## EXERCISE BRIEF
Lines from the line with "Foro: Las economías" to the line with "Home affaire Hocker" in the entries below, and only those, must be output exactly, with both ends included.
---------- DATA EXTRACT
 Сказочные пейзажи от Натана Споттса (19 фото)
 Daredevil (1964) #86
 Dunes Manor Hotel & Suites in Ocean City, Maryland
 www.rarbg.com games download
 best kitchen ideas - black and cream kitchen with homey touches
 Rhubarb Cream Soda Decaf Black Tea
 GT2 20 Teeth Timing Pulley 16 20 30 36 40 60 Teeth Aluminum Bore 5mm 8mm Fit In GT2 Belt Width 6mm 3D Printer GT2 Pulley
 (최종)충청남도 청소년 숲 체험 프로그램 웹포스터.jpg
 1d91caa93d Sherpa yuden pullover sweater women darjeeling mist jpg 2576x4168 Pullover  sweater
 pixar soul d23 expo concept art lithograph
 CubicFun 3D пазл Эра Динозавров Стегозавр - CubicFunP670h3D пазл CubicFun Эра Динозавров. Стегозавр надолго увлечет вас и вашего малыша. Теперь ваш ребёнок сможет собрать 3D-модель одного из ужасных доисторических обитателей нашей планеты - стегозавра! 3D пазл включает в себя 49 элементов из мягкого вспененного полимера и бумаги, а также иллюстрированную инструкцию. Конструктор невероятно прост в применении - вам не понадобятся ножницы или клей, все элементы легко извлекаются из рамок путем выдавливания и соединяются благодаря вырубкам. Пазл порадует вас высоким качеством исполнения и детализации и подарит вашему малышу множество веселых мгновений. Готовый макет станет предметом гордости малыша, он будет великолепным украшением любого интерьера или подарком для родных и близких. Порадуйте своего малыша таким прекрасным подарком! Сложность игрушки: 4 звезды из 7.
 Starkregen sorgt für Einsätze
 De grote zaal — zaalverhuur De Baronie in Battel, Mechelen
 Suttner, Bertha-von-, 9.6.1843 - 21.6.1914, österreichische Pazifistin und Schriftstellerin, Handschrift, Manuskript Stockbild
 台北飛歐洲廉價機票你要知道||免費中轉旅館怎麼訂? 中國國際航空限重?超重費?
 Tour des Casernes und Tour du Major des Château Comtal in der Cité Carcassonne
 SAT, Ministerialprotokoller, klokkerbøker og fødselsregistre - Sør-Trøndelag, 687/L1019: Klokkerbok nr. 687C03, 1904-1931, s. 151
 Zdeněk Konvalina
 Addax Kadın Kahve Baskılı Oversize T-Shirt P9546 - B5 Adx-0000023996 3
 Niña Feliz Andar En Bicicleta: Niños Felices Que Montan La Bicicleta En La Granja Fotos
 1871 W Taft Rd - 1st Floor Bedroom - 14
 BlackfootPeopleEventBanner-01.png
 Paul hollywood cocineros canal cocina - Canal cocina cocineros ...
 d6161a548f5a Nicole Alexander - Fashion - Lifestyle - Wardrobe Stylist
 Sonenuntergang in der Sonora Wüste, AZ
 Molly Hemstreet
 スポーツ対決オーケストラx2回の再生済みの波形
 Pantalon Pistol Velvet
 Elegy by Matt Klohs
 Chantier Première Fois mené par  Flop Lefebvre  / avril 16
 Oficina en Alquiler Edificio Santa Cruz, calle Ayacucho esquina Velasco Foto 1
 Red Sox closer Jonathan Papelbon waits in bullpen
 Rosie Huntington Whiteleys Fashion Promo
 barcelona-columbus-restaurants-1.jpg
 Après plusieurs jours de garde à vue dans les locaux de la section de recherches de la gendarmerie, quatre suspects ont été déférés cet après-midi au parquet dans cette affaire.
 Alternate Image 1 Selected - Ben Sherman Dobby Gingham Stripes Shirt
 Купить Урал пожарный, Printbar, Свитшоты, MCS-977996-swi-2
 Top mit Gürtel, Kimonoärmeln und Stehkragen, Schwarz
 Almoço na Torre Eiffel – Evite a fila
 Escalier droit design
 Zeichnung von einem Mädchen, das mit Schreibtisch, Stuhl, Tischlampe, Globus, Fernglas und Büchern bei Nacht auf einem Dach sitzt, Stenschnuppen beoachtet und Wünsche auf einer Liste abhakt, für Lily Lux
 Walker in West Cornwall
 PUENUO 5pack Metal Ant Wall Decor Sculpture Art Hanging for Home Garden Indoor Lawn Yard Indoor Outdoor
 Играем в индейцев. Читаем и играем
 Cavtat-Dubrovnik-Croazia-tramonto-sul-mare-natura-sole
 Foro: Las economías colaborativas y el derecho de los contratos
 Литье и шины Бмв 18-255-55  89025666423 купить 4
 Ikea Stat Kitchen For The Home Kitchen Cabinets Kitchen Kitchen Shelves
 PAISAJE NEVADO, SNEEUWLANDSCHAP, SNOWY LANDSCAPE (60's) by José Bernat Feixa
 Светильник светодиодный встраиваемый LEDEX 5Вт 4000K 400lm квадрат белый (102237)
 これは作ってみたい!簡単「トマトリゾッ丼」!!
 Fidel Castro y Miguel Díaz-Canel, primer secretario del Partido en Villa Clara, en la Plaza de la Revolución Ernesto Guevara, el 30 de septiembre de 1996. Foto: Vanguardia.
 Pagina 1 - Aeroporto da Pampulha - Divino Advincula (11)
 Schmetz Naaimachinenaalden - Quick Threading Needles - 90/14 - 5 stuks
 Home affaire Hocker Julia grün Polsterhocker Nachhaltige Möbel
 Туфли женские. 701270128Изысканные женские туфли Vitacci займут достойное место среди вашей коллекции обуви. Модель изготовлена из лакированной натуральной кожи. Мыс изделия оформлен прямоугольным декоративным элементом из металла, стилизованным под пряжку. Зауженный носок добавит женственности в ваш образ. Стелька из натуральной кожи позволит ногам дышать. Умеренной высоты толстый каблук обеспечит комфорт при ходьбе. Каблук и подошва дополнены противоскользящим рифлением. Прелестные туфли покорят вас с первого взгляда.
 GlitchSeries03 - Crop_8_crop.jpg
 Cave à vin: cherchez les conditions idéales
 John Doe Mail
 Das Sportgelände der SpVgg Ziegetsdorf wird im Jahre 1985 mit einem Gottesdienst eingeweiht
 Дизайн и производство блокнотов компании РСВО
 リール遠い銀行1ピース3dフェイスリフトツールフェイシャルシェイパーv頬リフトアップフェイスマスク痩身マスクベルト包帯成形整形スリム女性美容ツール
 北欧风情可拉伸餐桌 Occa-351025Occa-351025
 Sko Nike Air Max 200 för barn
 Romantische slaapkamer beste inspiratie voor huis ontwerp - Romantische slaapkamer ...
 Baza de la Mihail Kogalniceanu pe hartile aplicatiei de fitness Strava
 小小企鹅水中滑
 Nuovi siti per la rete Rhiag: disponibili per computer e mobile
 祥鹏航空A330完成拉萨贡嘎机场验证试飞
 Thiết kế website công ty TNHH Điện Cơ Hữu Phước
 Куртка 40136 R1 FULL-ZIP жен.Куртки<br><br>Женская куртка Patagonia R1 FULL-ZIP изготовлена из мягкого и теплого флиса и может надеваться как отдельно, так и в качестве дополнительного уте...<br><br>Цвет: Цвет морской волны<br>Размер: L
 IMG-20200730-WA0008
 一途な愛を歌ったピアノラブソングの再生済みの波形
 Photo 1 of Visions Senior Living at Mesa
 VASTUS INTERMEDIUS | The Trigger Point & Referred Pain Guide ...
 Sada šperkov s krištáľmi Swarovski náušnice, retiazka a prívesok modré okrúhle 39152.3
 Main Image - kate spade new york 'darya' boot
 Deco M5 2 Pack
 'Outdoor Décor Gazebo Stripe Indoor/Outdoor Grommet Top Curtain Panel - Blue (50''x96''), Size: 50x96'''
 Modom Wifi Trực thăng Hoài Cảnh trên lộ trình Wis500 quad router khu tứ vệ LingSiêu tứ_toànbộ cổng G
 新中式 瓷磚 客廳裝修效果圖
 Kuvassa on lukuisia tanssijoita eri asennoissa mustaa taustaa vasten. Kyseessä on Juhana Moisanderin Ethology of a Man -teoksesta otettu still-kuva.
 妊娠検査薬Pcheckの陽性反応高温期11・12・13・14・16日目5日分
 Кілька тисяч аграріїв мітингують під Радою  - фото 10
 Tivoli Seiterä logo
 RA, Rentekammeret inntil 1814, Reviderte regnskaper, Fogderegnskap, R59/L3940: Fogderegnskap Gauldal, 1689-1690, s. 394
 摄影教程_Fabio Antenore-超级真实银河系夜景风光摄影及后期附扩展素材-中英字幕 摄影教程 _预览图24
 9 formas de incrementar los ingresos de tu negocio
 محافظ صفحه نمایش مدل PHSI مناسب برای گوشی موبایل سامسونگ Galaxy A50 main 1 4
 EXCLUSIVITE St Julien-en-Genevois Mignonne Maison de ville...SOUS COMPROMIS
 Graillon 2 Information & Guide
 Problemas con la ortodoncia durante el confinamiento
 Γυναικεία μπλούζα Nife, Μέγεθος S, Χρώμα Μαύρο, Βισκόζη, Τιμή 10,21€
--------------------
## SOLVED PROBLEM
 Foro: Las economías colaborativas y el derecho de los contratos
 Литье и шины Бмв 18-255-55  89025666423 купить 4
 Ikea Stat Kitchen For The Home Kitchen Cabinets Kitchen Kitchen Shelves
 PAISAJE NEVADO, SNEEUWLANDSCHAP, SNOWY LANDSCAPE (60's) by José Bernat Feixa
 Светильник светодиодный встраиваемый LEDEX 5Вт 4000K 400lm квадрат белый (102237)
 これは作ってみたい!簡単「トマトリゾッ丼」!!
 Fidel Castro y Miguel Díaz-Canel, primer secretario del Partido en Villa Clara, en la Plaza de la Revolución Ernesto Guevara, el 30 de septiembre de 1996. Foto: Vanguardia.
 Pagina 1 - Aeroporto da Pampulha - Divino Advincula (11)
 Schmetz Naaimachinenaalden - Quick Threading Needles - 90/14 - 5 stuks
 Home affaire Hocker Julia grün Polsterhocker Nachhaltige Möbel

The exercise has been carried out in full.